_PROBLEM TO WORK ON:_ The lines to copy run from the one containing "Hollywood feed mississippi" to the end of the listing. Please write them out exactly, minus the pictures.

_SUPPLIED INFORMATION:_
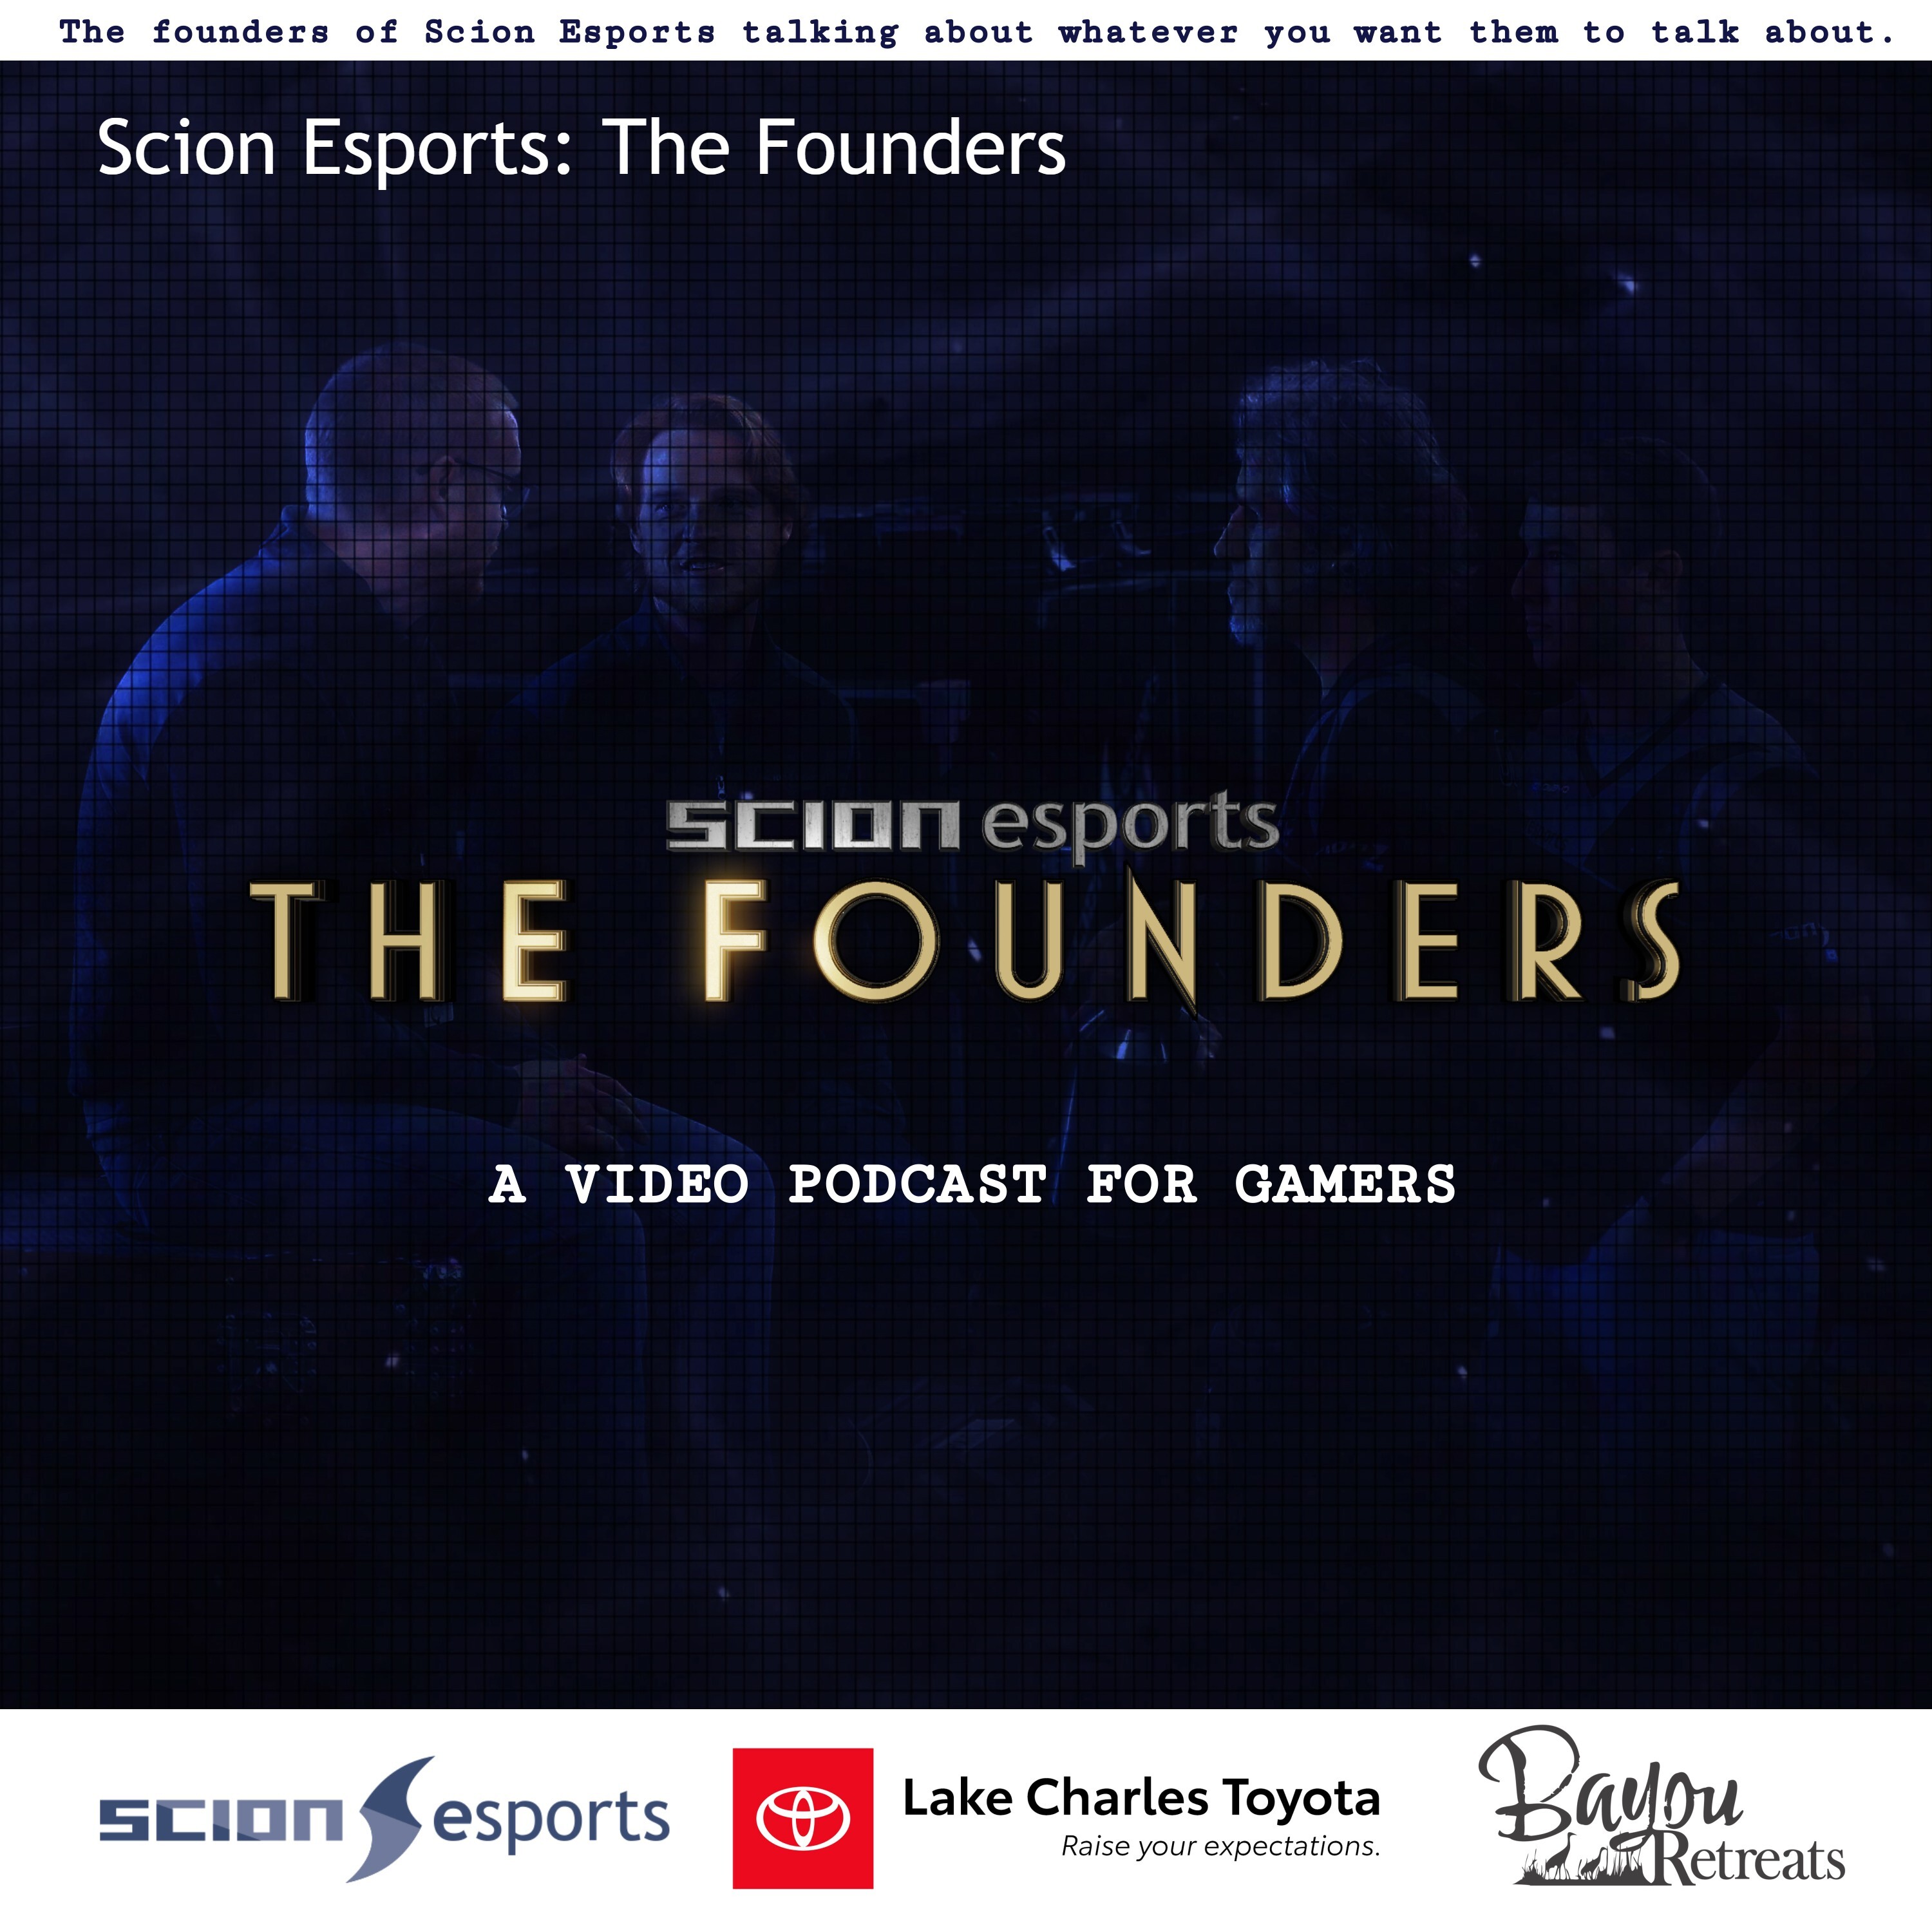 Scion Esports: The Founders Video Podcast
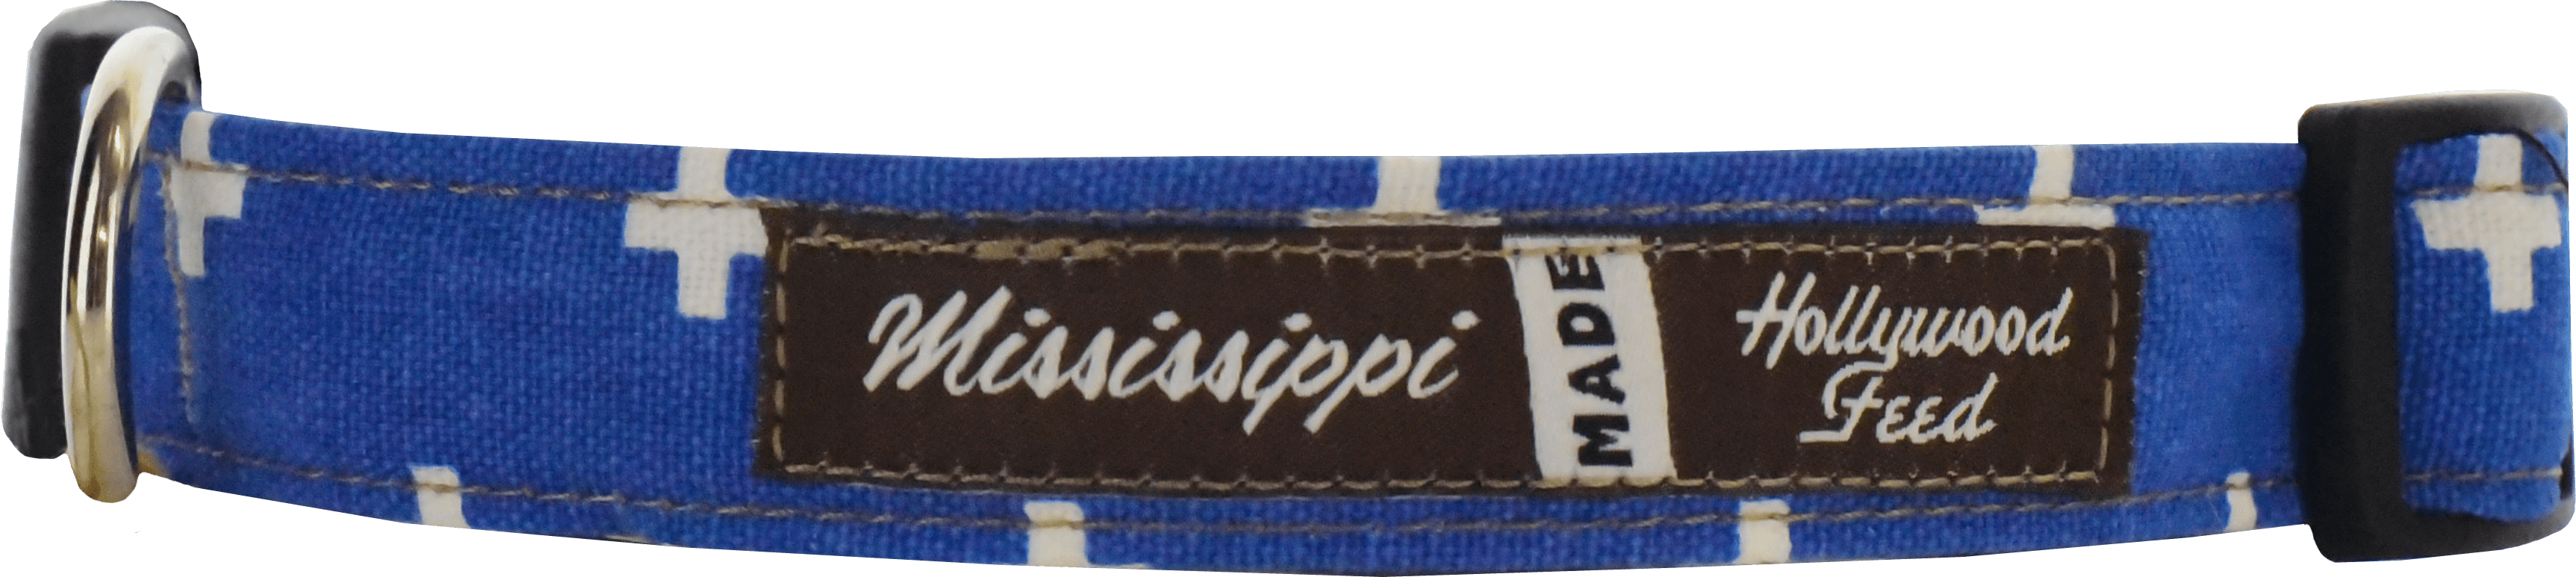 Hollywood feed mississippi made dog collar - blue cross
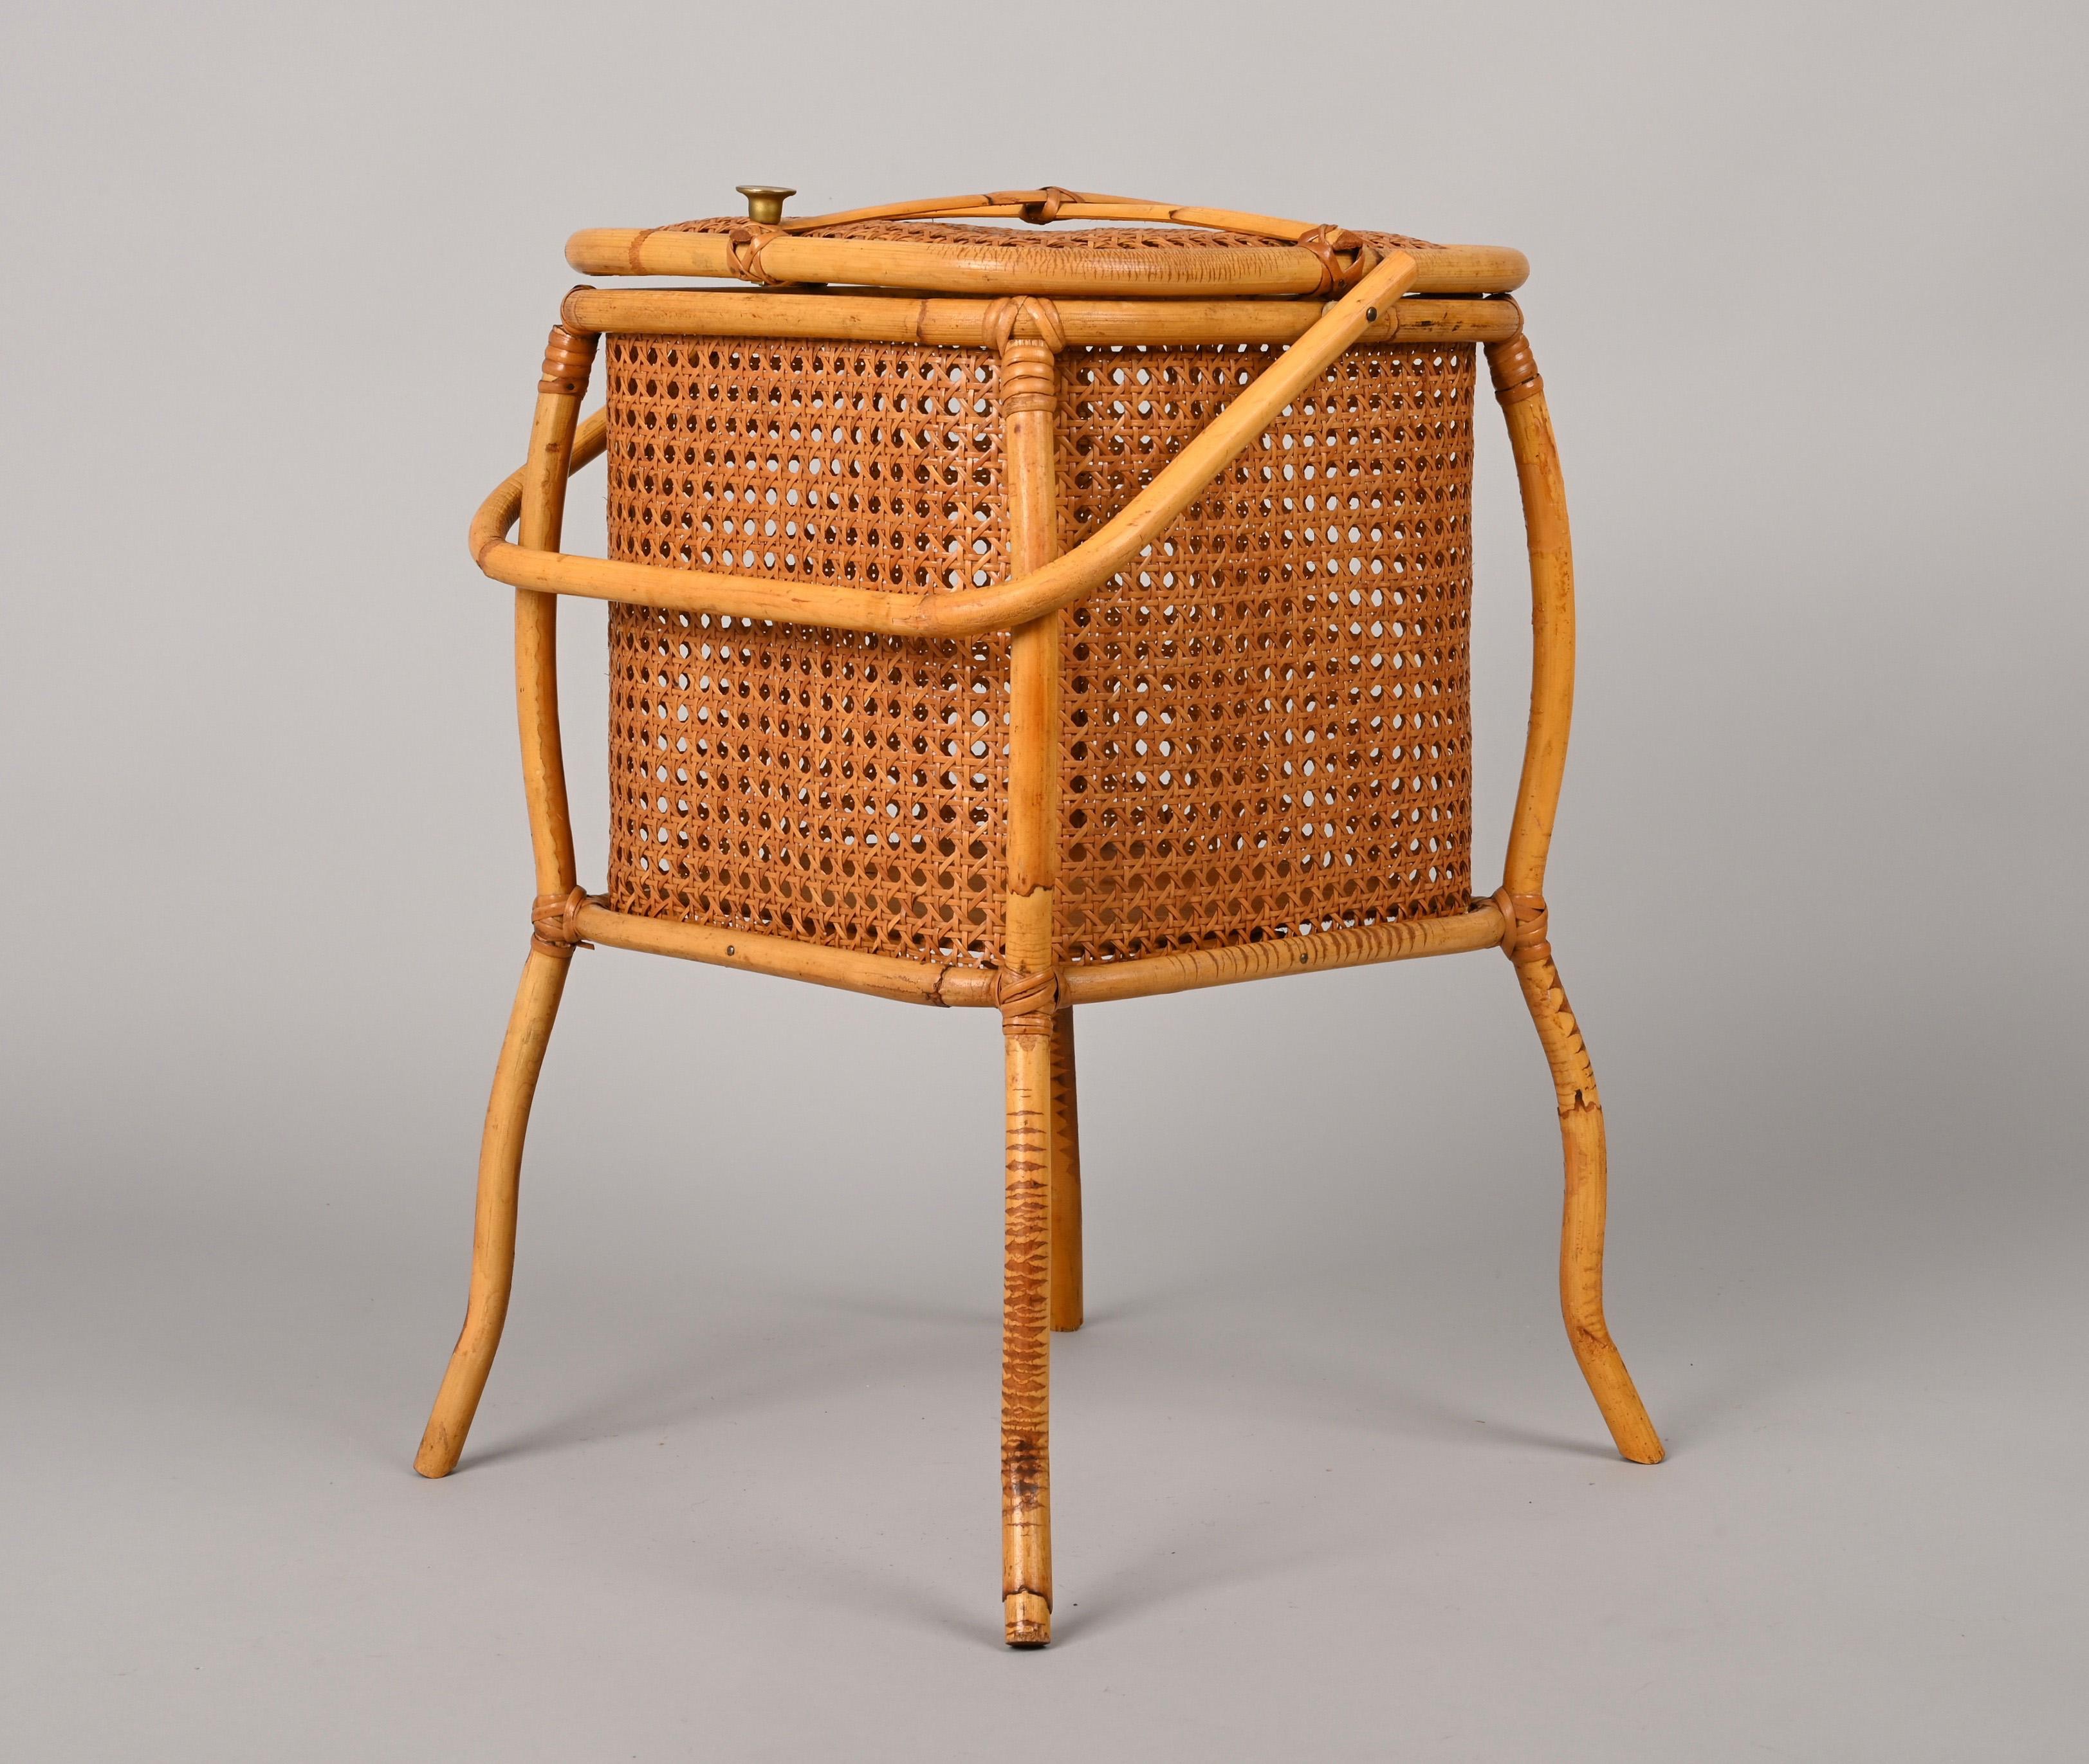 Midcentury Bamboo, Wicker and Vienna Straw Cubic Italian Magazine Basket, 1960s For Sale 6

_EXERCISE RESPONSE:_
 Hollywood feed mississippi made dog collar - blue cross
 Midcentury Bamboo, Wicker and Vienna Straw Cubic Italian Magazine Basket, 1960s For Sale 6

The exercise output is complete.